------ Data ------
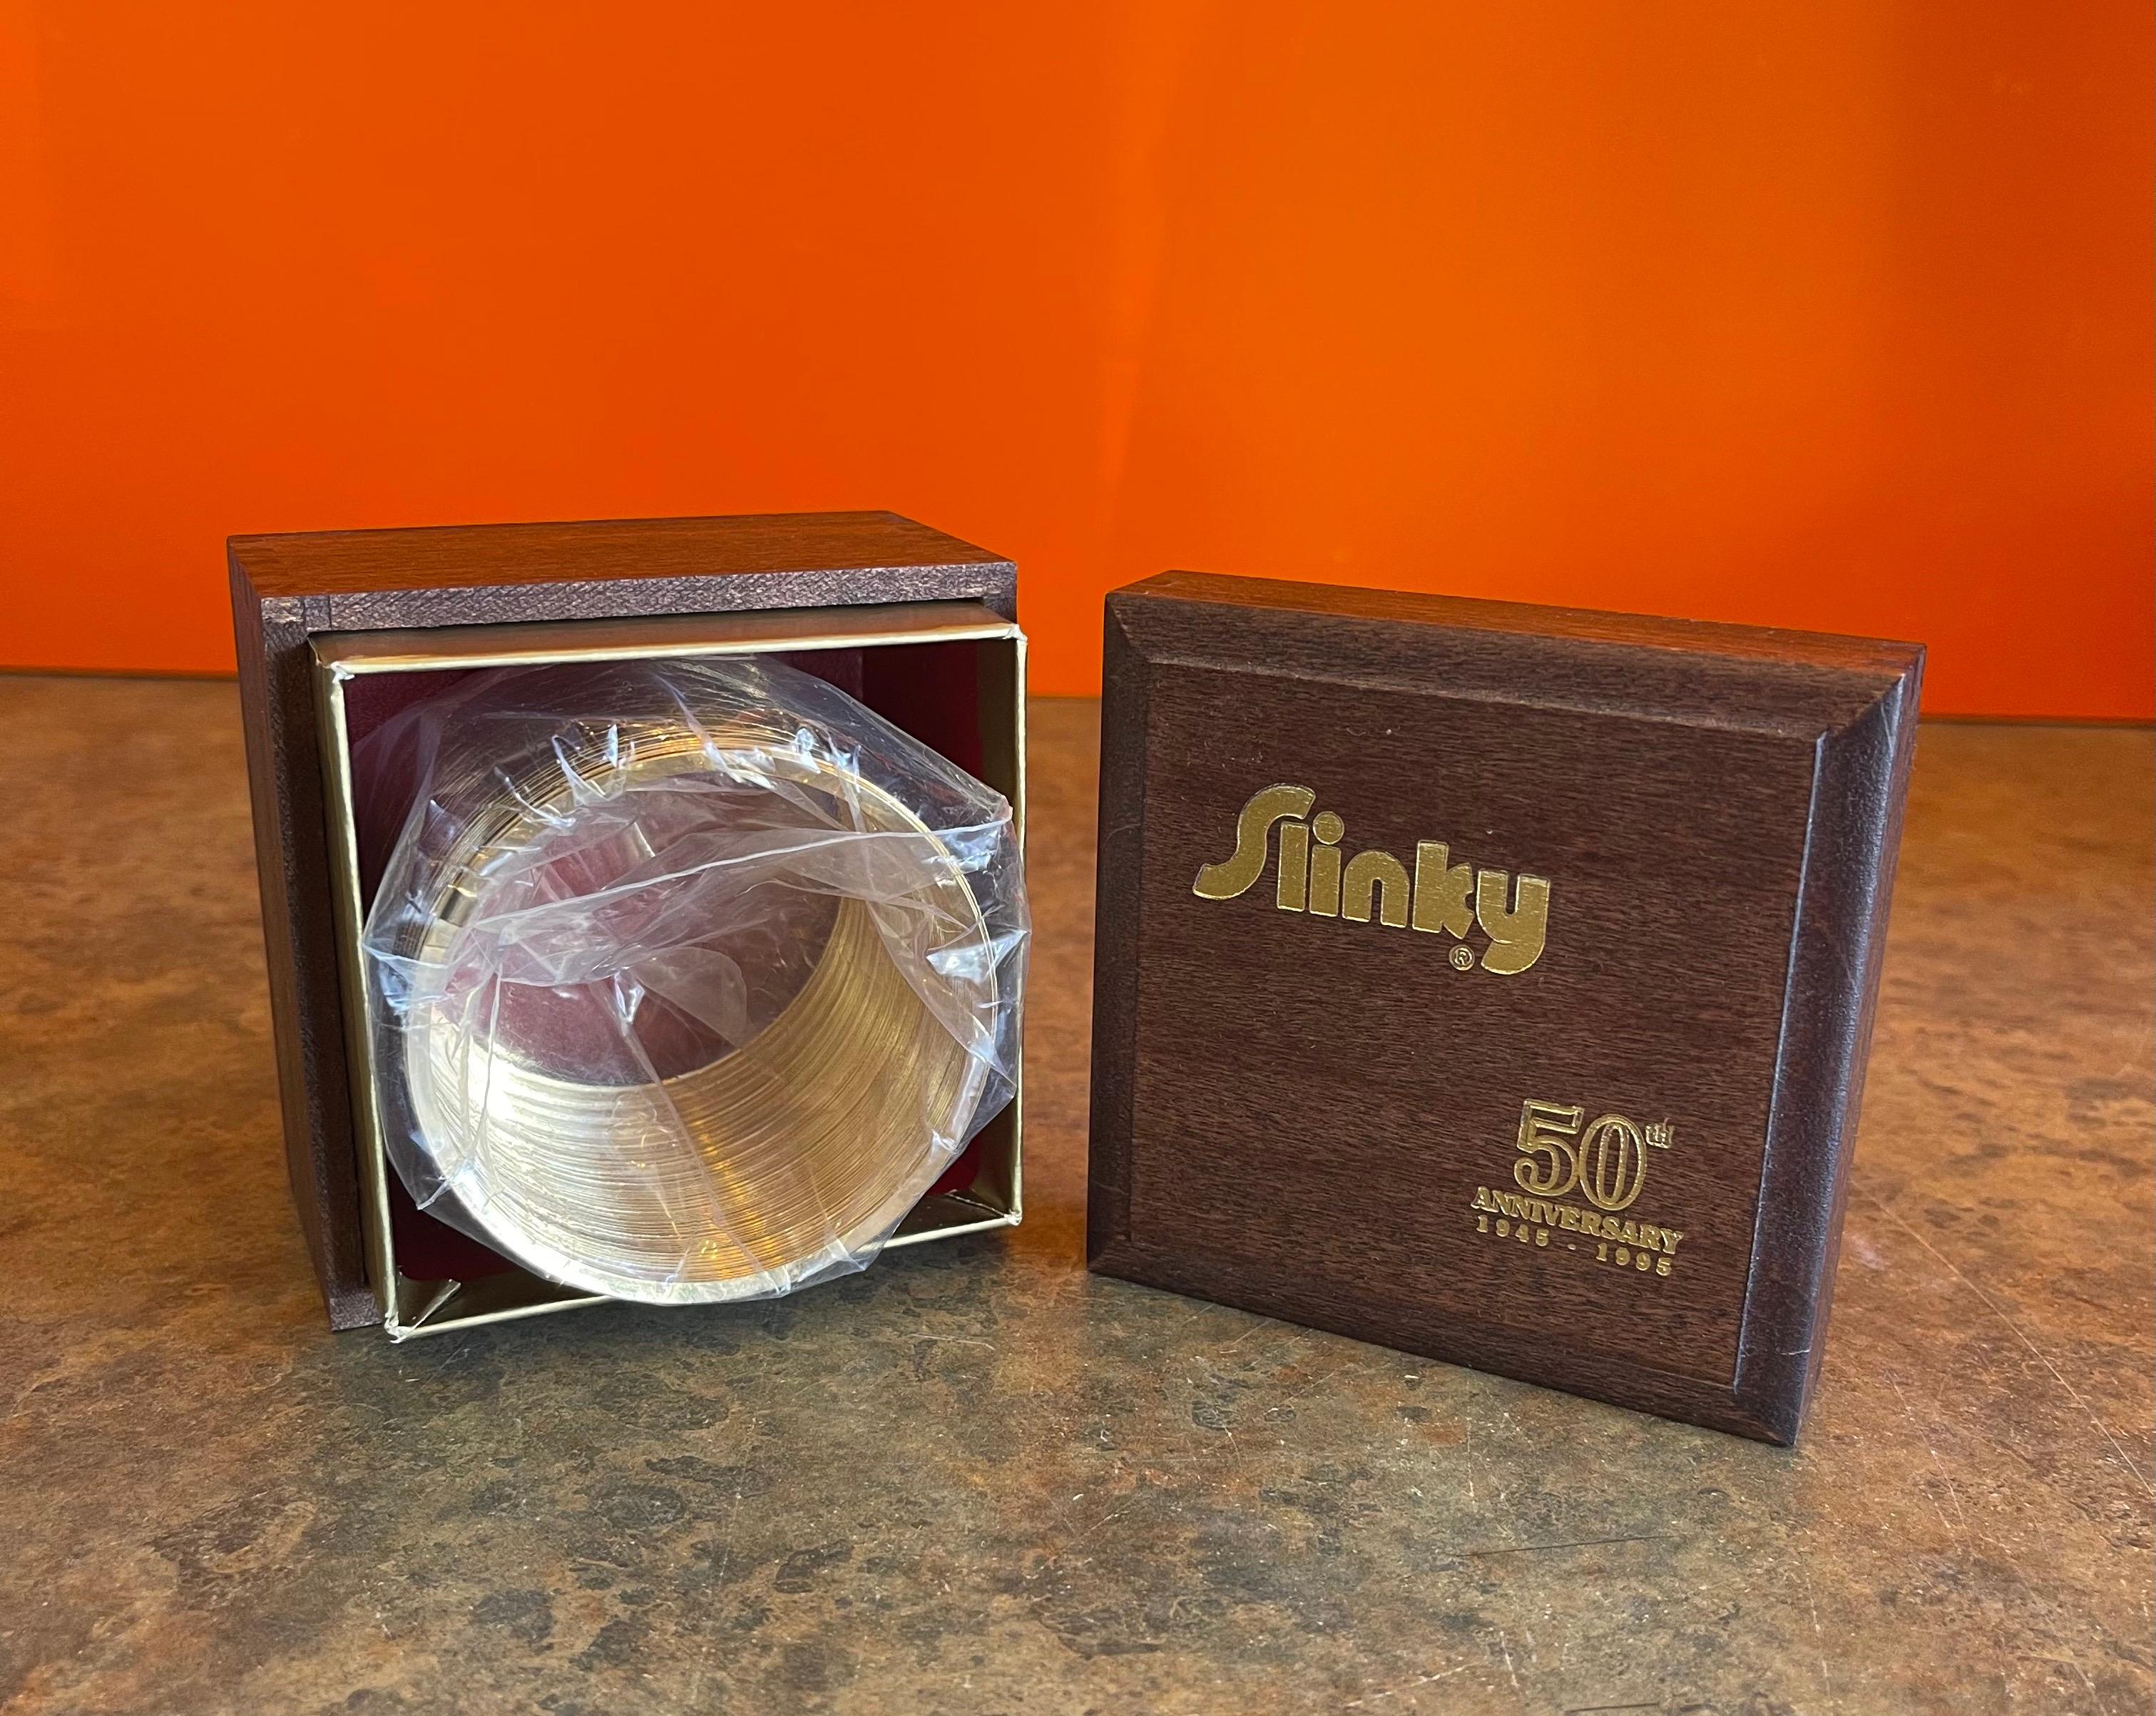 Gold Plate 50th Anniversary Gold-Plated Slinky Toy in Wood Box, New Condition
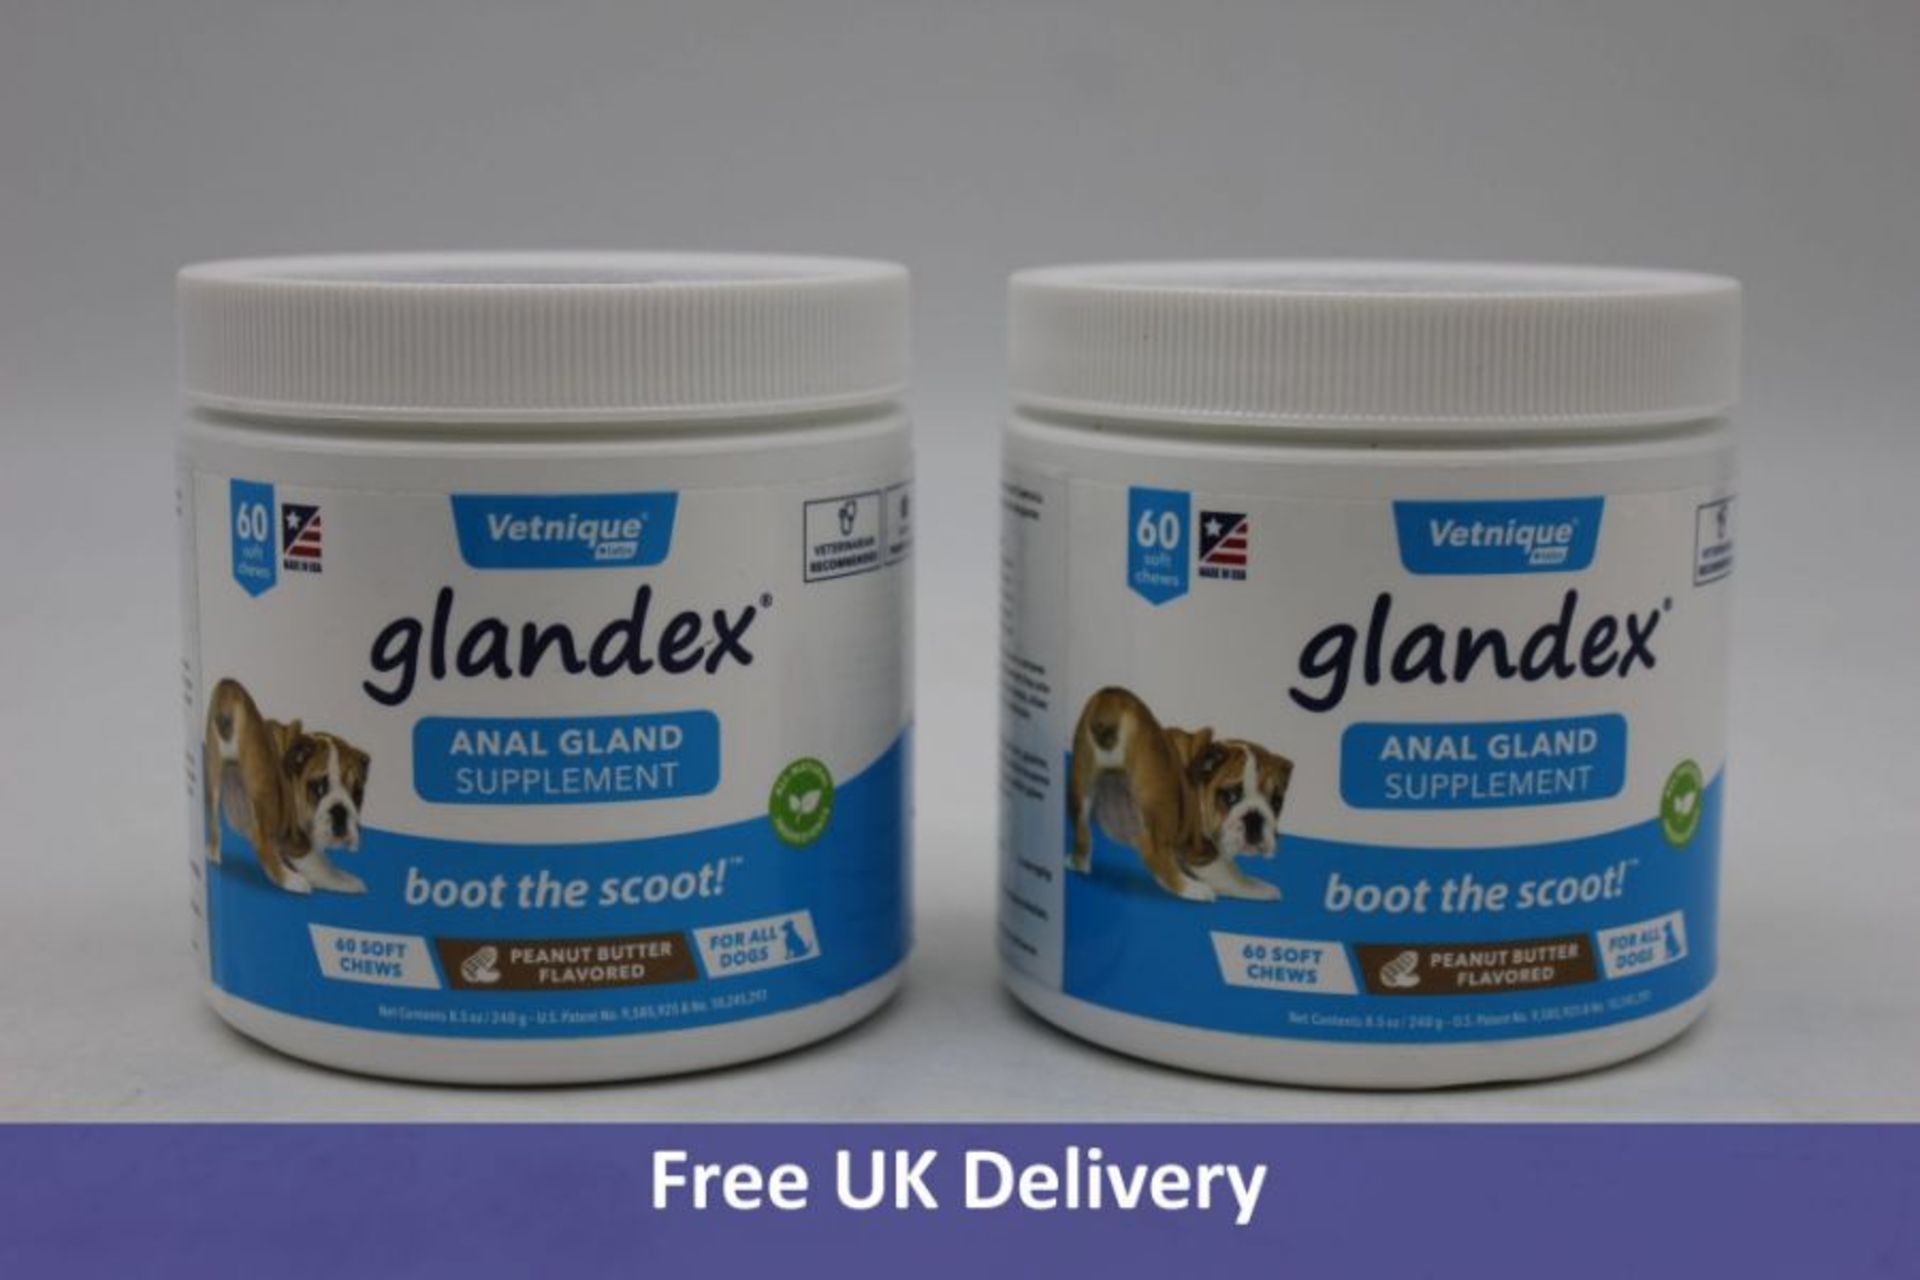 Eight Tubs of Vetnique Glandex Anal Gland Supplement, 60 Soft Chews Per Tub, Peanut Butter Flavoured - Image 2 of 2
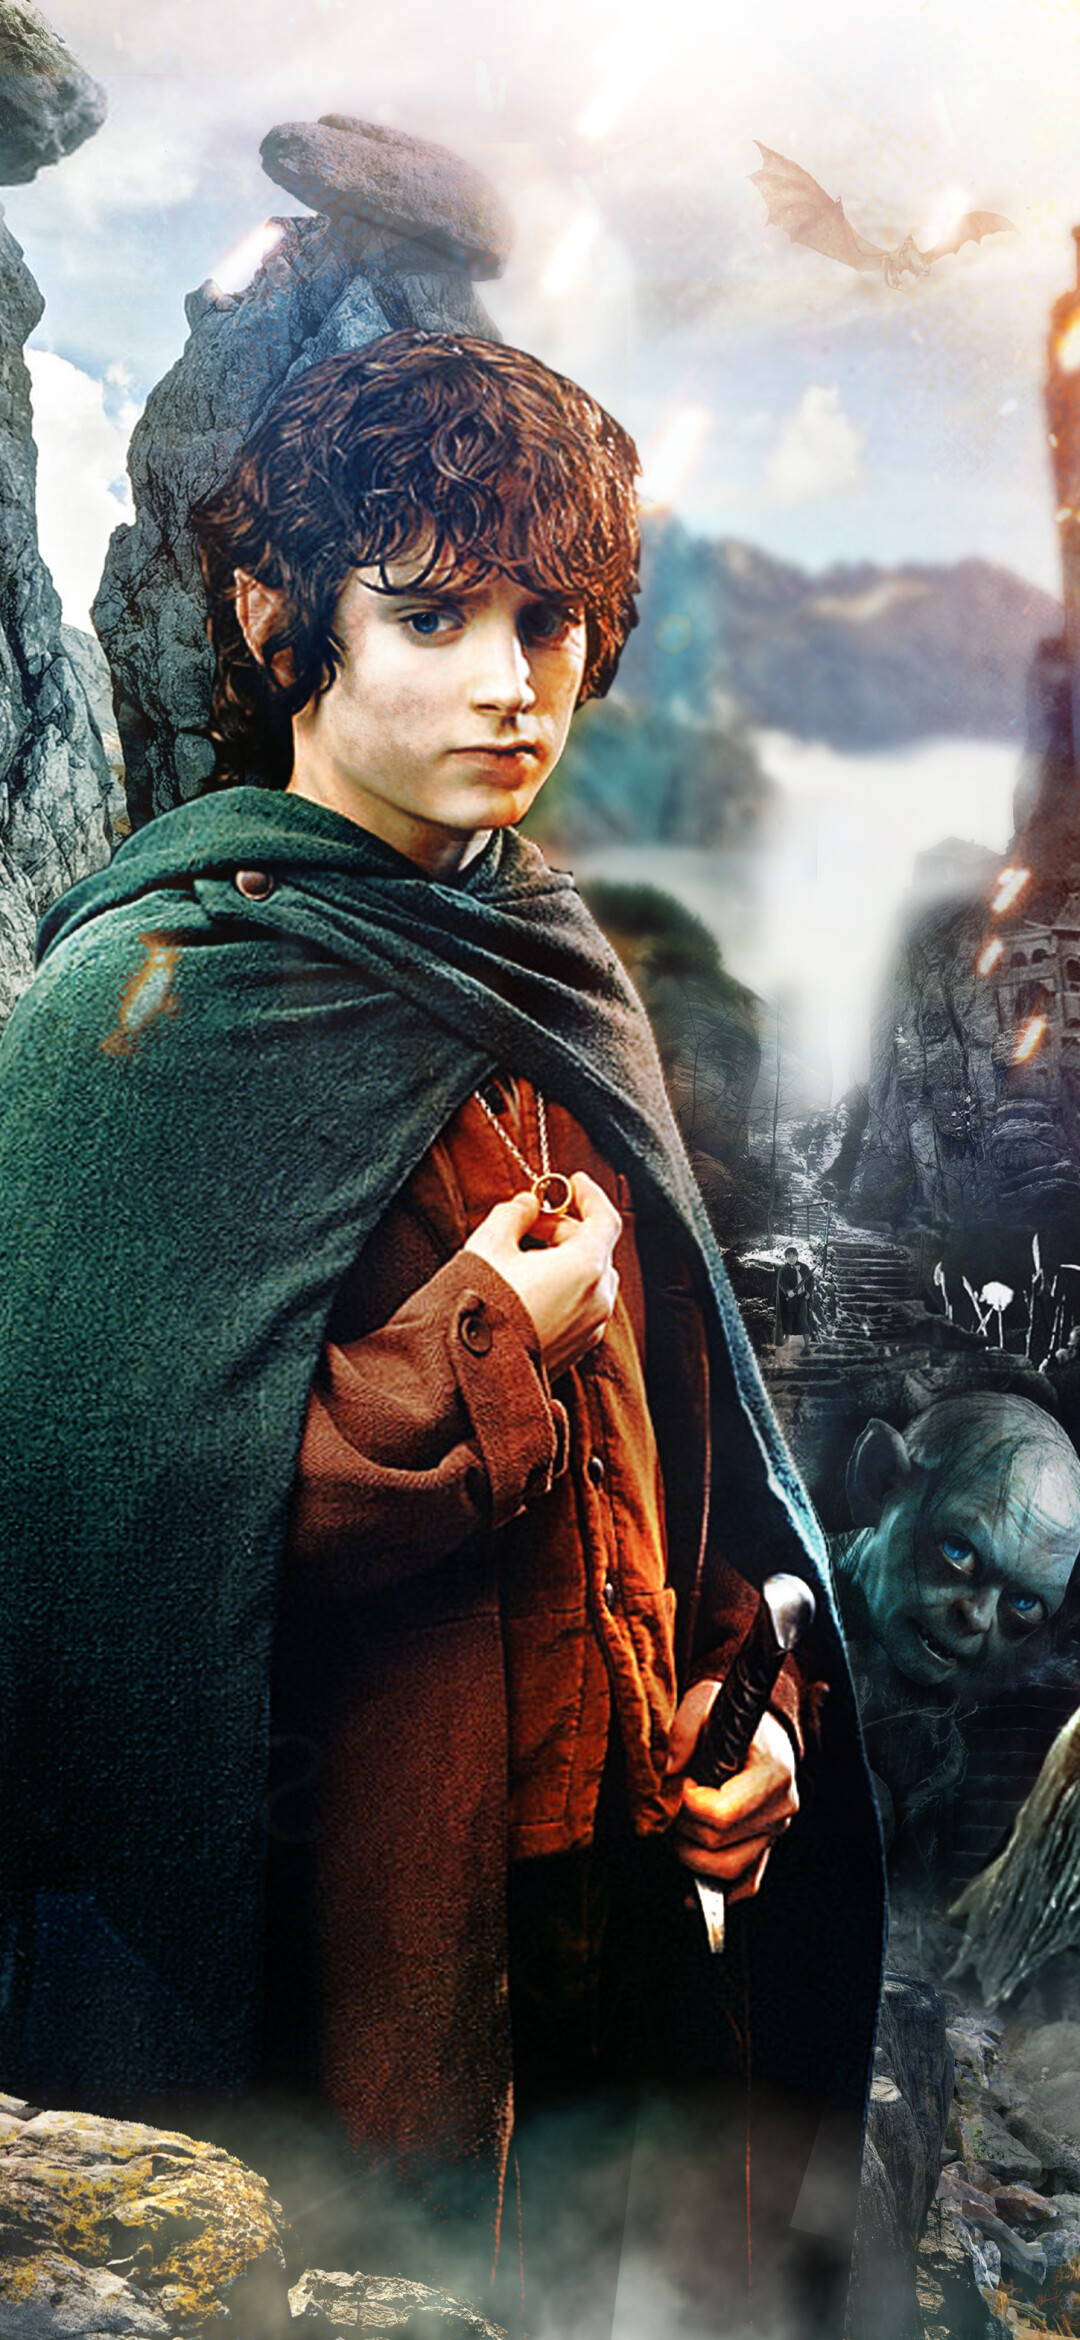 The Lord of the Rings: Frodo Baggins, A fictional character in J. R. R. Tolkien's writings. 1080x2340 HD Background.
------
> Instructions to follow
Once you find the line that contains "Eight Tubs of", give it again along with every later line through the end of the data, word for word, minus the pictures.

> Response below
 Eight Tubs of Vetnique Glandex Anal Gland Supplement, 60 Soft Chews Per Tub, Peanut Butter Flavoured - Image 2 of 2
 The Lord of the Rings: Frodo Baggins, A fictional character in J. R. R. Tolkien's writings. 1080x2340 HD Background.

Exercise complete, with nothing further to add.